Préface
In girum imus nocte et consumimur igni
L’année 199., il m’est arrivé de louer, avec O., ma compagne d'alors, une petite maison rurale, dans un coin reculé du Périgord, non loin de la petite ville médiévale de B. Le bâtiment était un peu isolé, je suis trop attaché à la ville et à son énergie pour goûter cette sensation de complète solitude, au bord d’une vaste forêt qui, croit savoir O., fut habitée pendant des millénaires, jusqu’à il y a moins de 150 ans. Il faudrait aimer l’oisiveté, au moins la lecture, même le tricot, pour survivre là, au bout du chemin bordé de pommiers, quand les seuls loisirs consistent à préparer le bois pour le feu ou à marcher, les jours secs, sur des sentiers anciens. O. aime cette vie un peu vide, elle se repose, dit-elle, du stress de sa vie professionnelle - et je soupçonne qu’elle aime m’avoir à côté d’elle, inactif et disponible, comme une sorte d’animal de compagnie, comme le mâle domestiqué que j’ai accepté de devenir. Comme sa beauté toujours me coupe le souffle, qu’elle se densifie encore à la lumière du feu de bois, quand la lumière des flammes danse sur son corps souple, je laisse couler les journées pour des nuits qui sont plus joyeuses qu’elles.

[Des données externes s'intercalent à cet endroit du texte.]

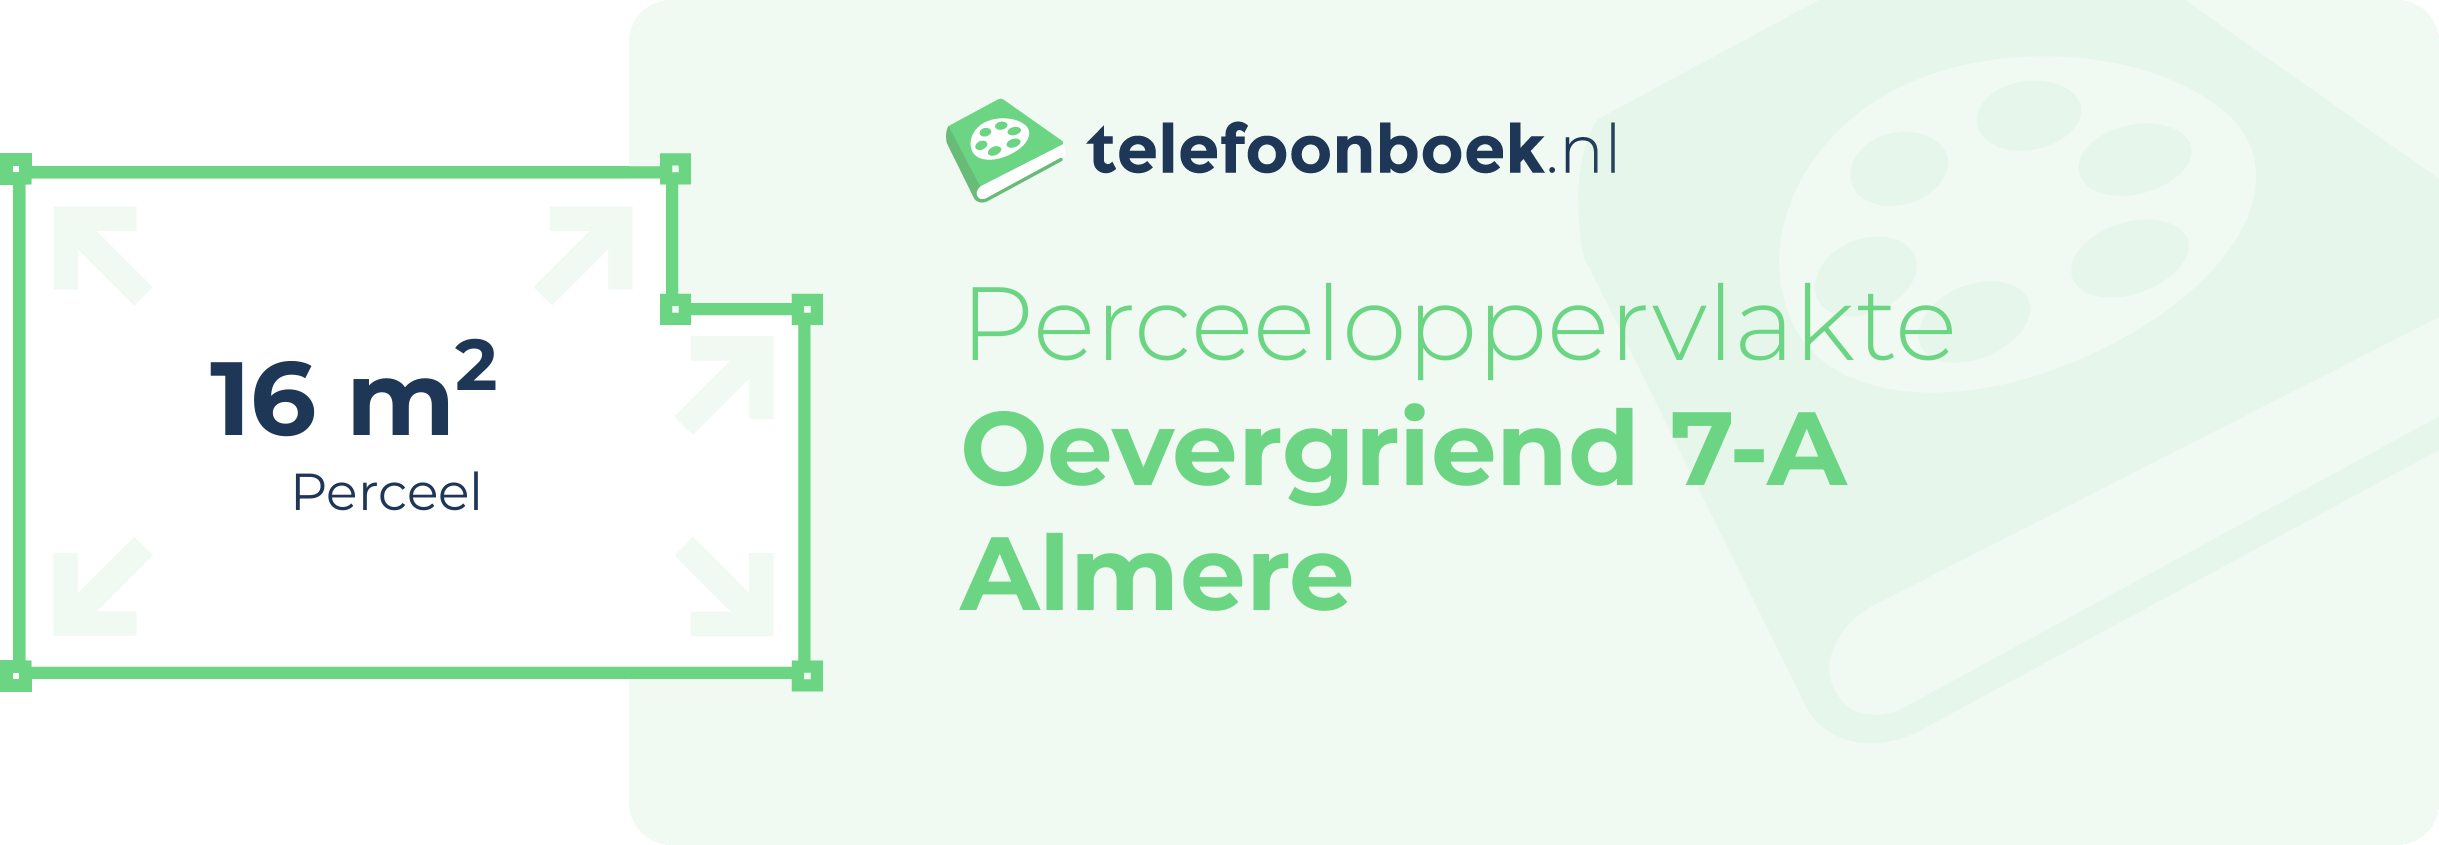 Perceeloppervlakte Oevergriend 7-A Almere
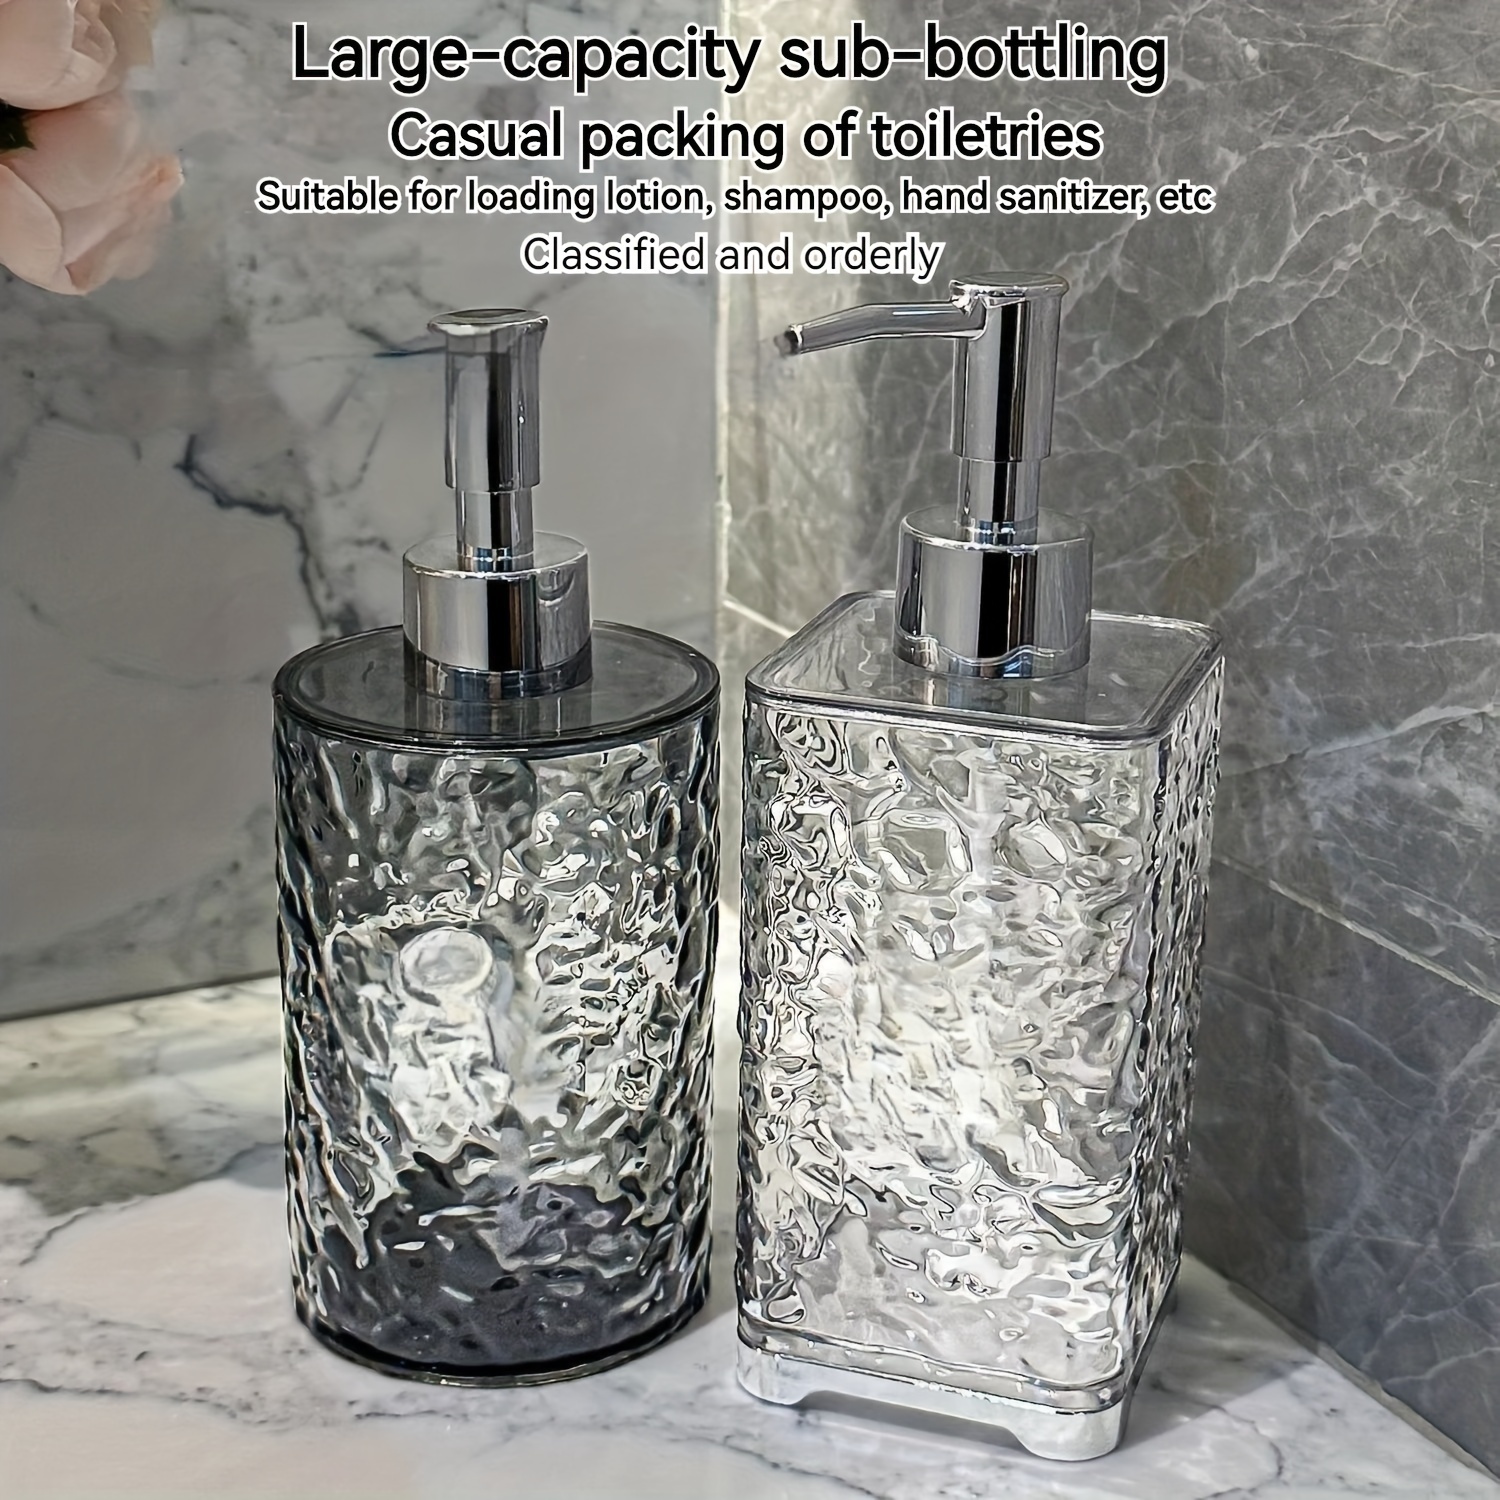 

1pc Textured Plastic Soap Dispenser, 400ml/13.53oz, Refillable Bathroom Shower Gel, Shampoo Lotion Pump Bottles, Elegant, Decorative, Bpa-free, Bathroom Accessories

Dans ce temps de vacuité, glissant comme un fluide un peu collant, il m’est arrivé de vaquer à travers la maison vide, dans le plus grand désœuvrement, cherchant de quoi tromper mon ennui. C’est ainsi que j’ai trouvé, là où il avait sans doute glissé par accident, derrière un meuble, un cahier de quelques dizaines de feuillets sous une couverture de papier fort, soigneusement cousu à l’orientale. Cela se présentait comme un journal, cheminant de date en date, au long d’une sorte de conversion. L'homme qui avait écrit cela était aussi un animal domestiqué, mais aux prises avec ses démons intérieurs, et qui ne se satisfaisait pas de grand chose. Si je qualifie ce texte de recherche alchimique sur le feu intérieur, sur la nature de l’érotisme, de quête spirituelle, il va perdre des lecteurs. Alors disons simplement qu’il y est question d’amour. Pour ma part, il m’a touché, l’ennui dans lequel je baignais n’y est peut-être pas étranger, ni la proximité masculine avec son auteur.
J’aurais pu rechercher, parmi les anciens locataires de la maison, l’homme qui a écrit ce journal-confession mais je ne l’ai pas fait. J’ai préféré interpréter le soin apporté à la reliure comme un souhait d’être publié : c’est le texte lui-même qui fait connaître sa volonté propre et recherche son destin. Aussi je vous le livre tel que je l’ai trouvé, à cela près que j’ai retiré avec soin tout indice qui permettrait de remonter aux protagonistes.
Une dernière chose : le texte ne comportait pas d’autre titre que Journal 19.-20. J’ai pris la liberté de l’appeler Le Buveur de thé, parce que, si « le tch’an contient le bouddhisme et le tao, le zen contient le tch’an et la Voie du thé contient le zen », notre diariste semble aimer l’idée selon laquelle le thé contient sa vie entière, la résume et la transcende.